▸ **How to complete this task**
Shown below are entries with pictures; the line with "Art Deco Lighting comes in iconic designs" through the line with "Bosch Oxygen Sensor;" is the span to retype exactly, and the pictures stay out.

▸ **Given data**
-*-*-

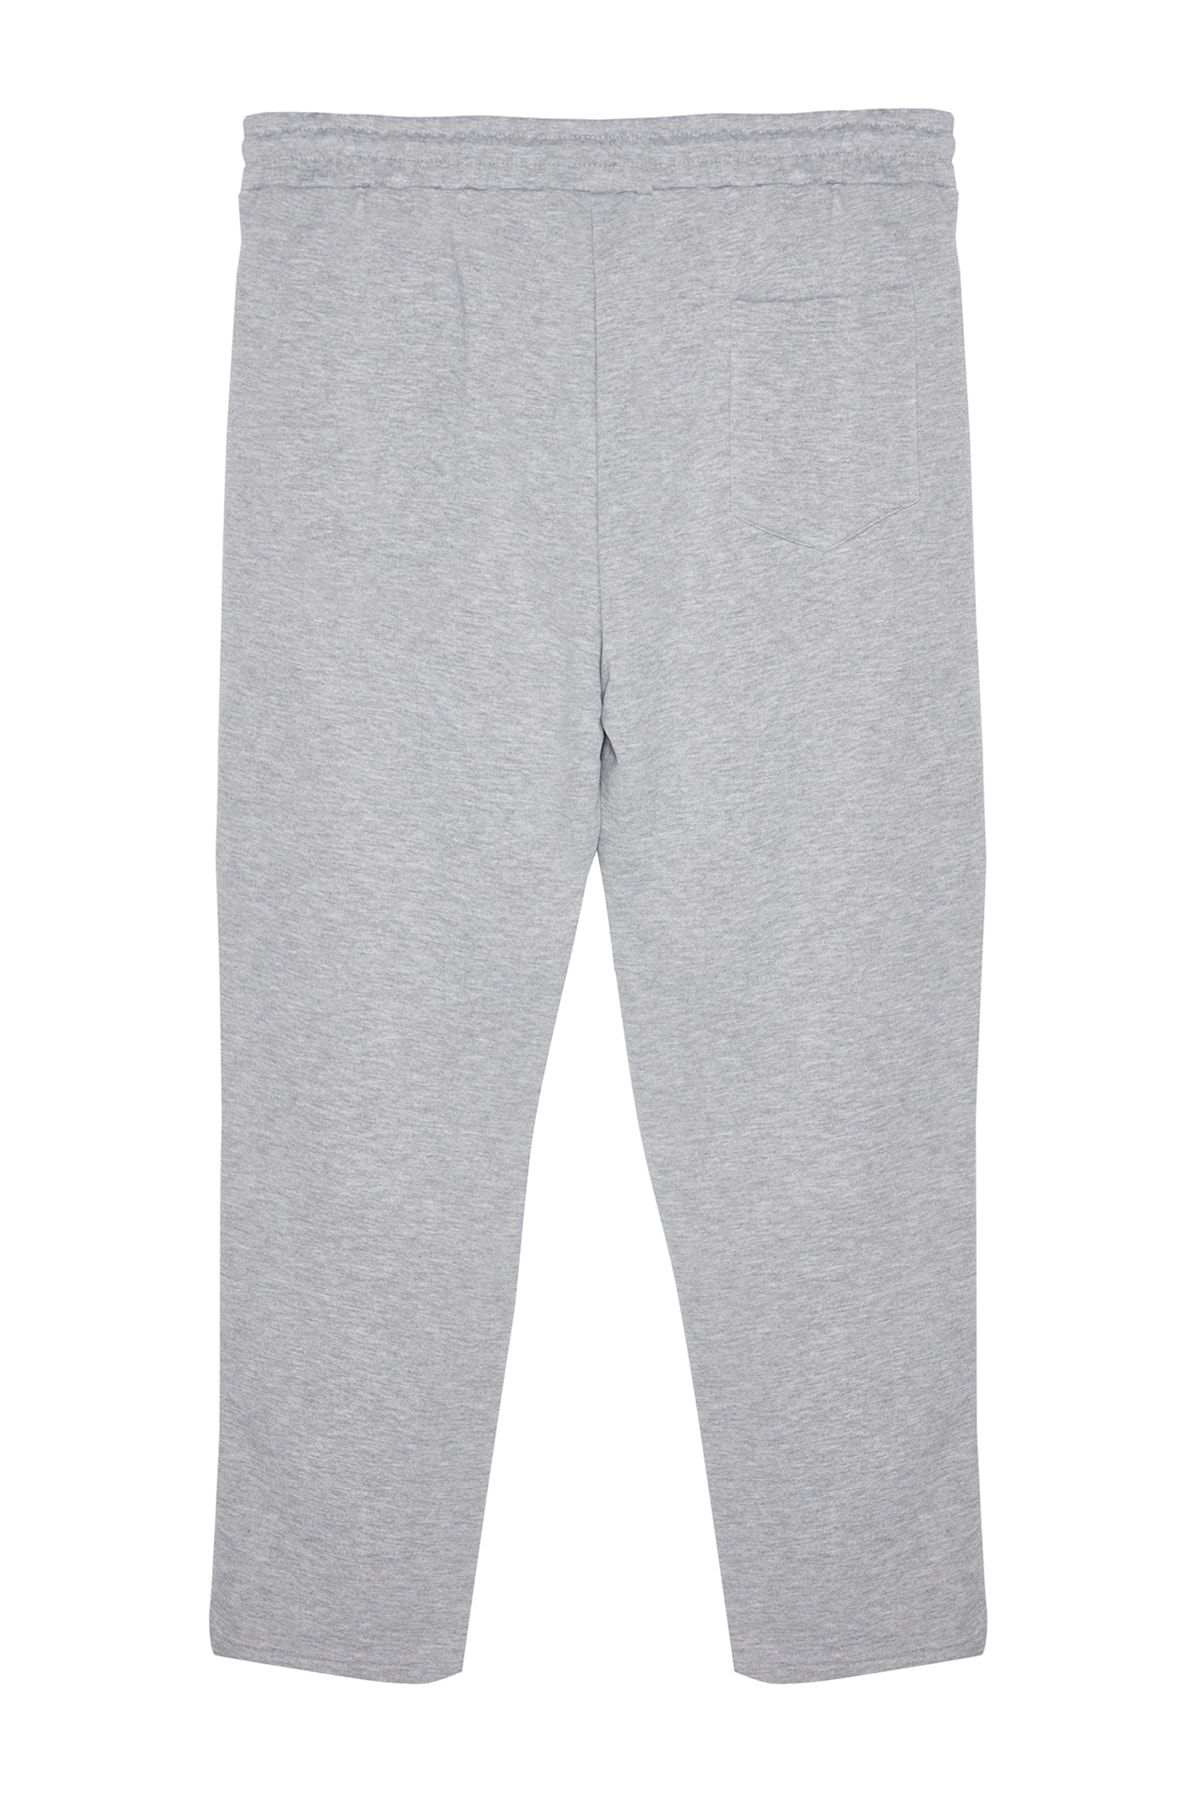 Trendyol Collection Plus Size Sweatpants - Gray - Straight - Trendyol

-*-*-

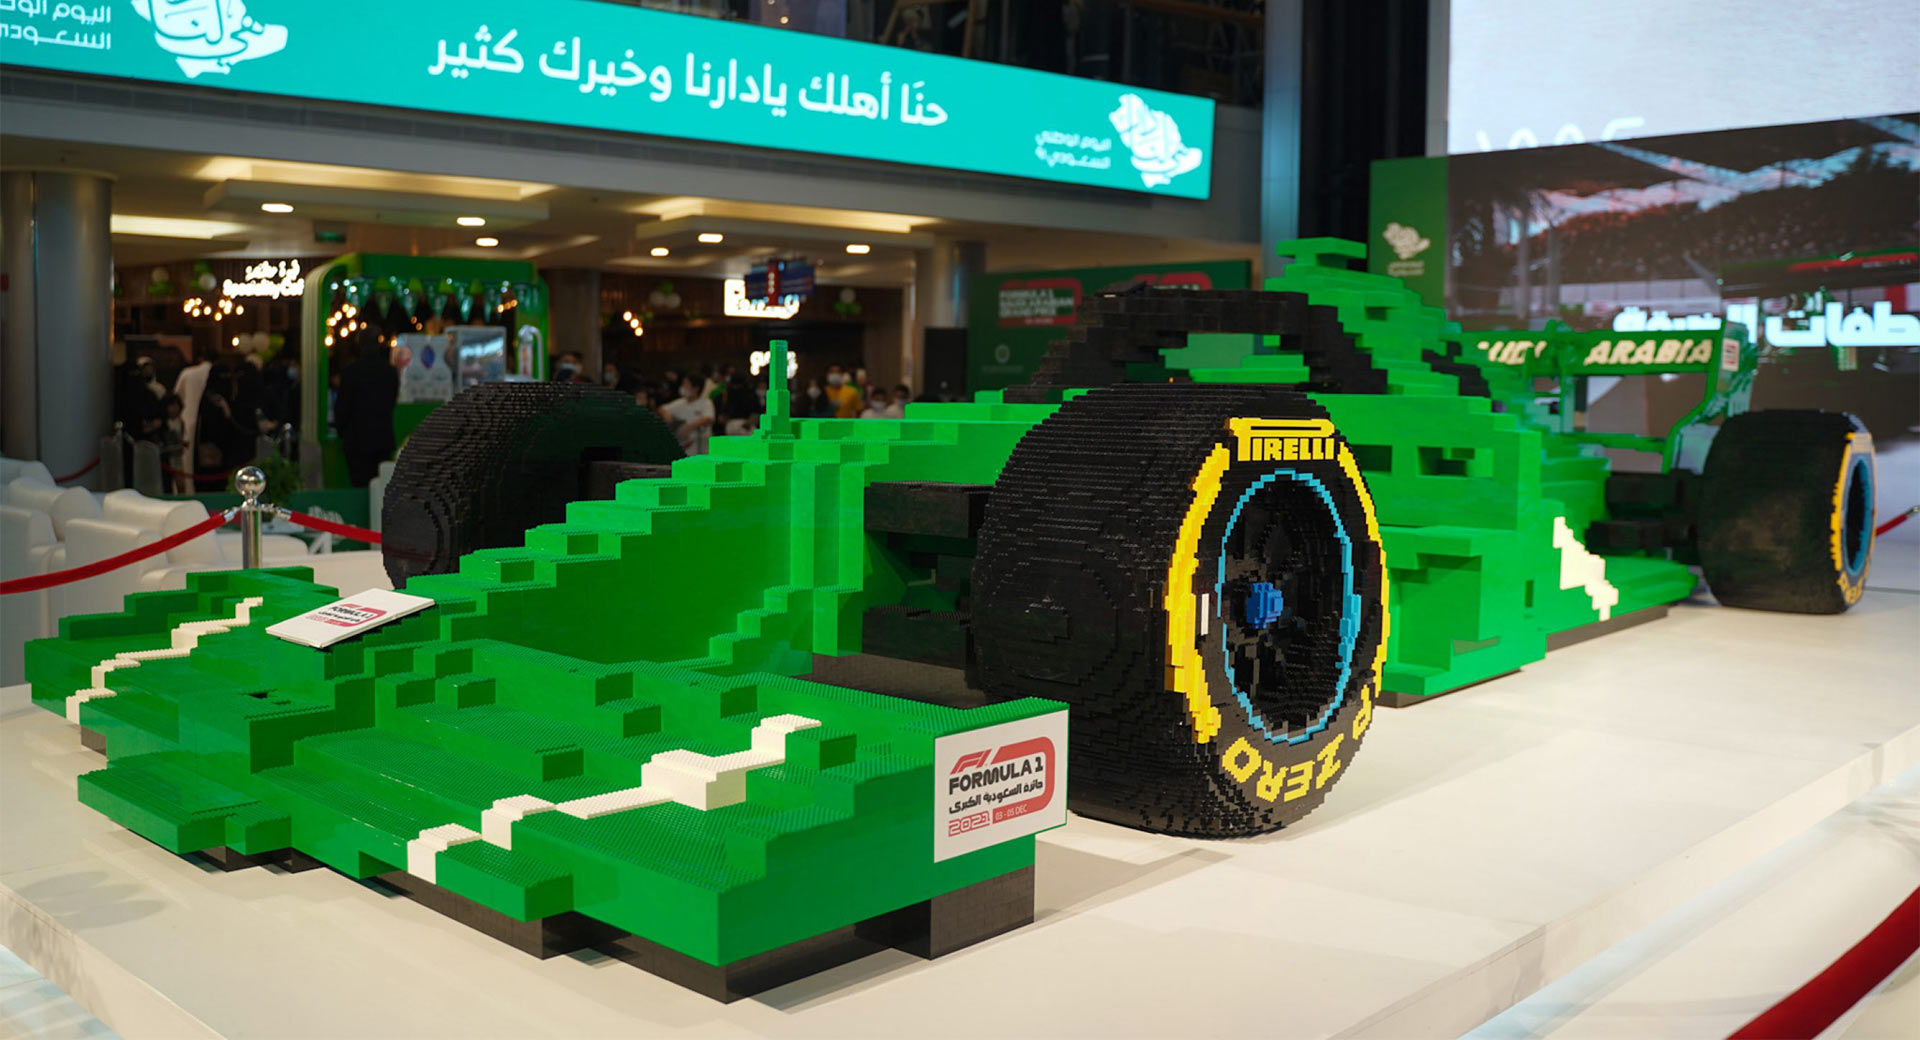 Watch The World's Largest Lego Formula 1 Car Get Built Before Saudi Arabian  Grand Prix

-*-*-

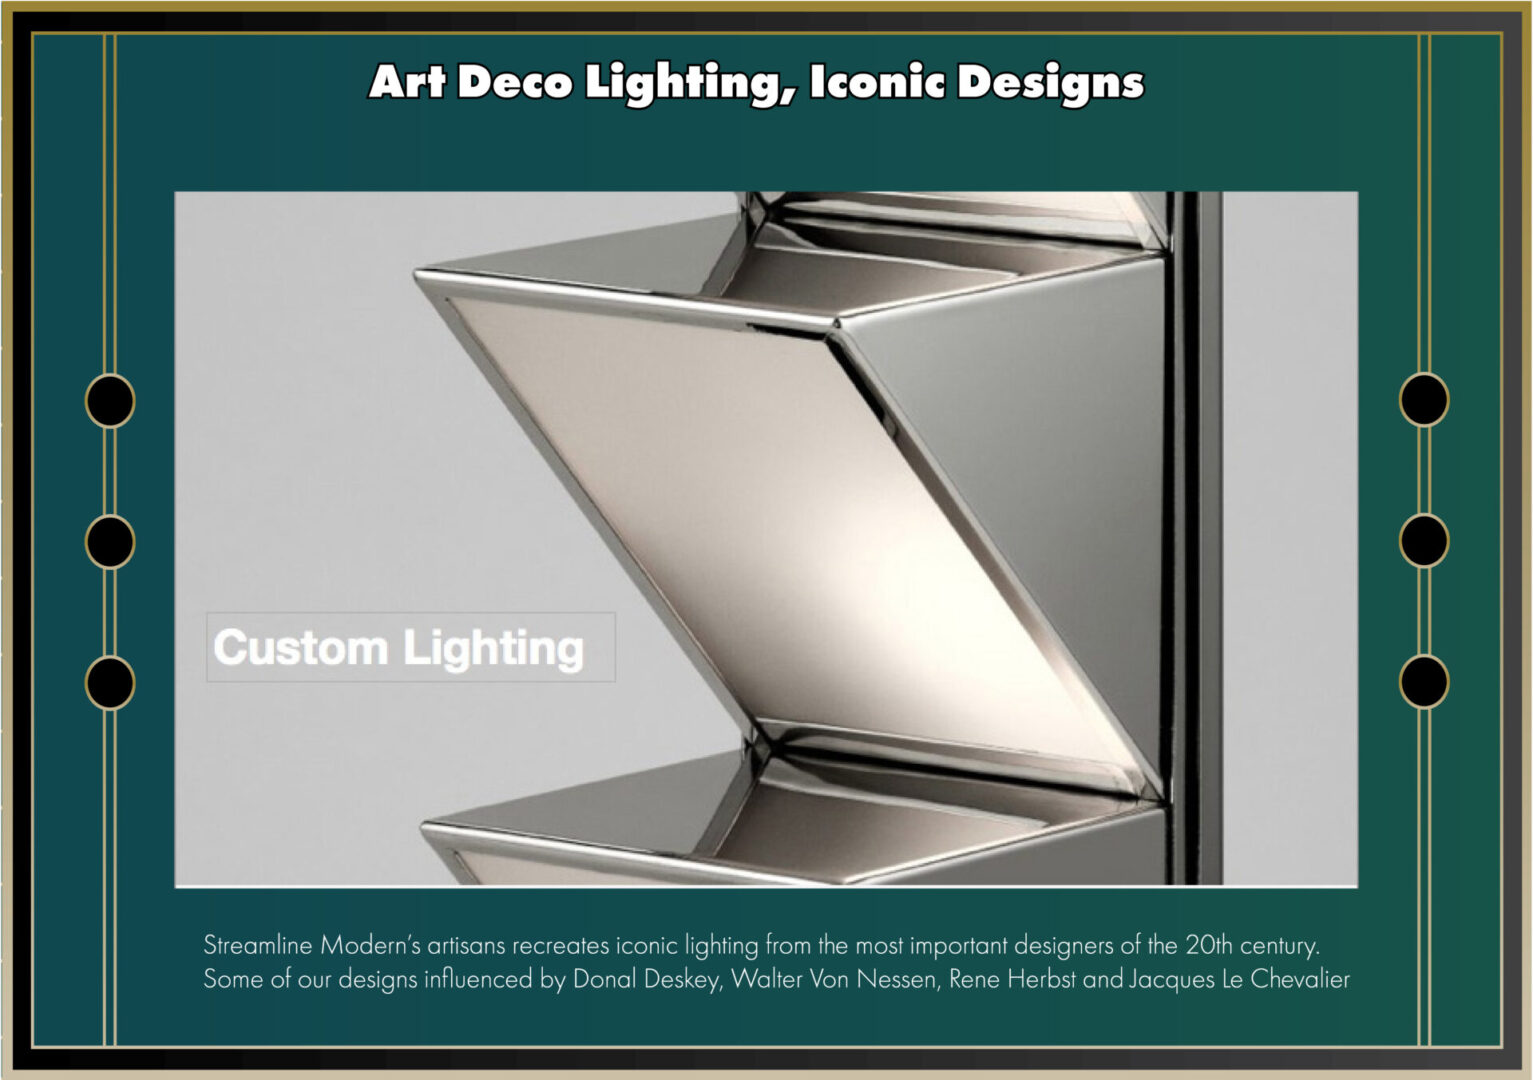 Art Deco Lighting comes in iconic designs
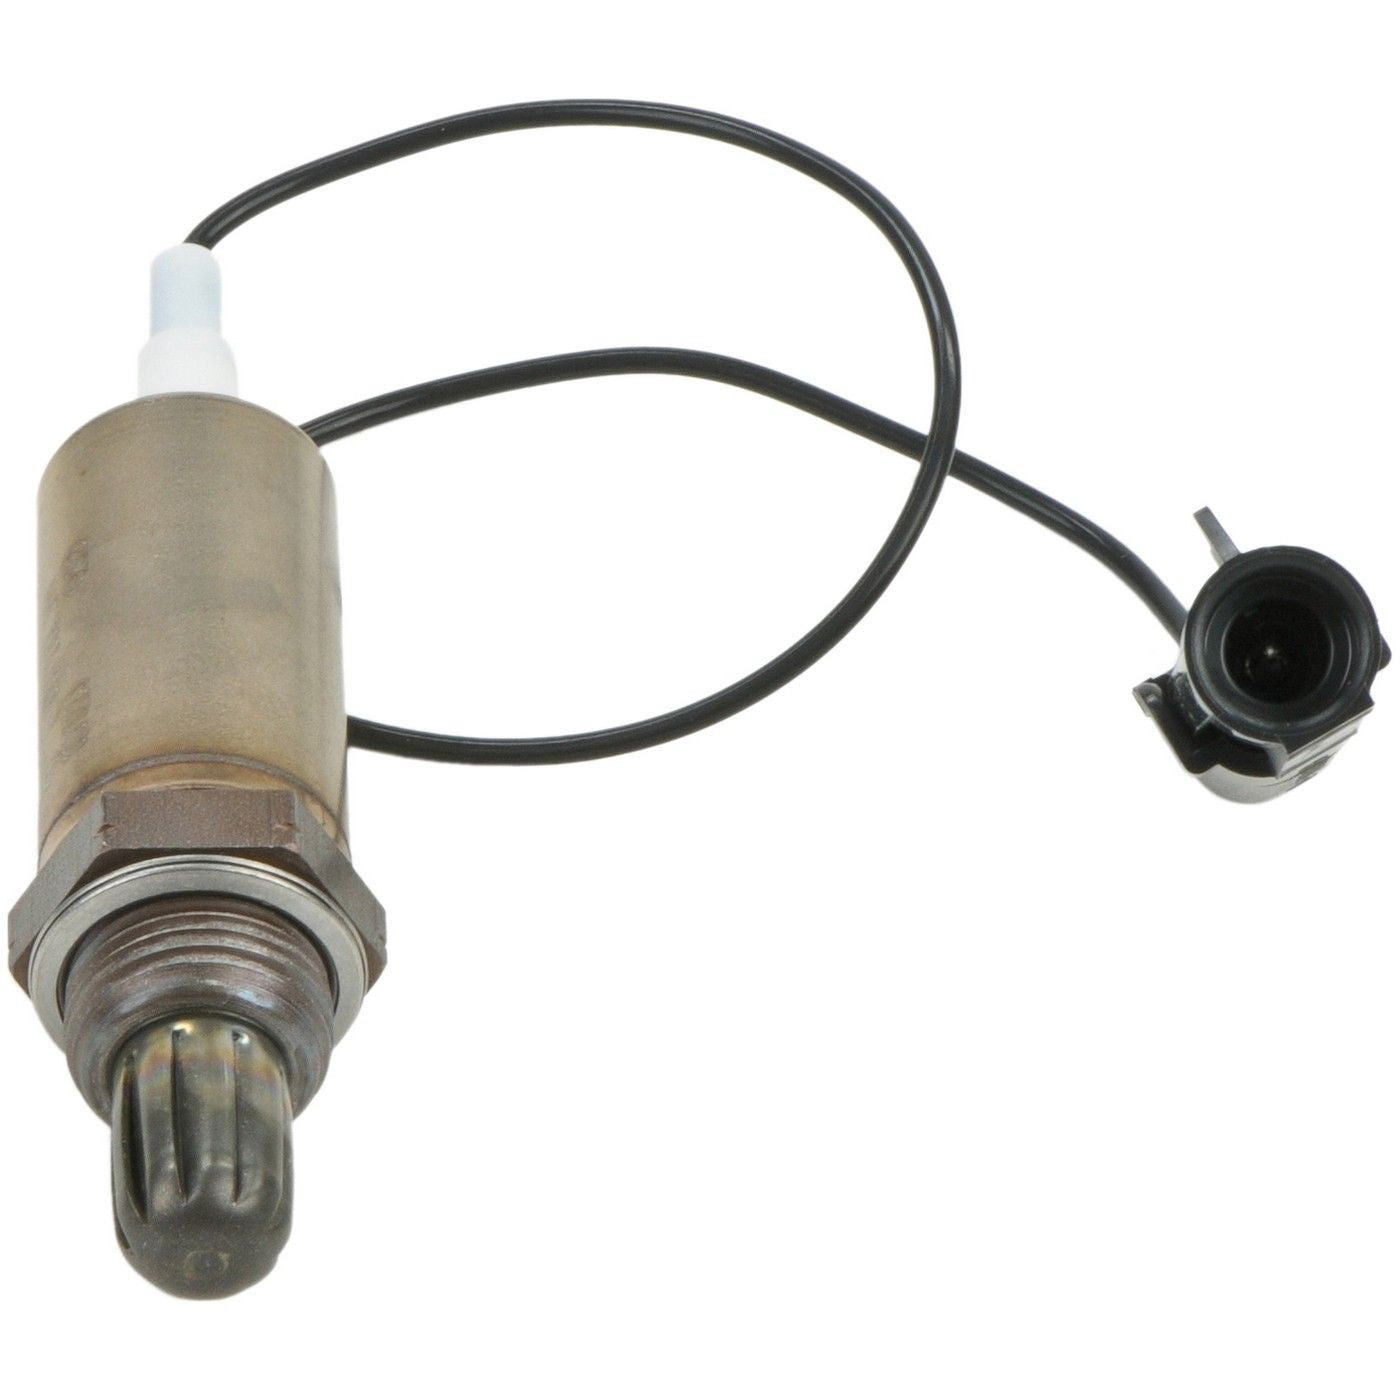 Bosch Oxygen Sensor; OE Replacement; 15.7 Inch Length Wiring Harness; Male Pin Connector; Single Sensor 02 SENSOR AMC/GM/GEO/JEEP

-*-*-

▸ **Written response**
 Art Deco Lighting comes in iconic designs
 Bosch Oxygen Sensor; OE Replacement; 15.7 Inch Length Wiring Harness; Male Pin Connector; Single Sensor 02 SENSOR AMC/GM/GEO/JEEP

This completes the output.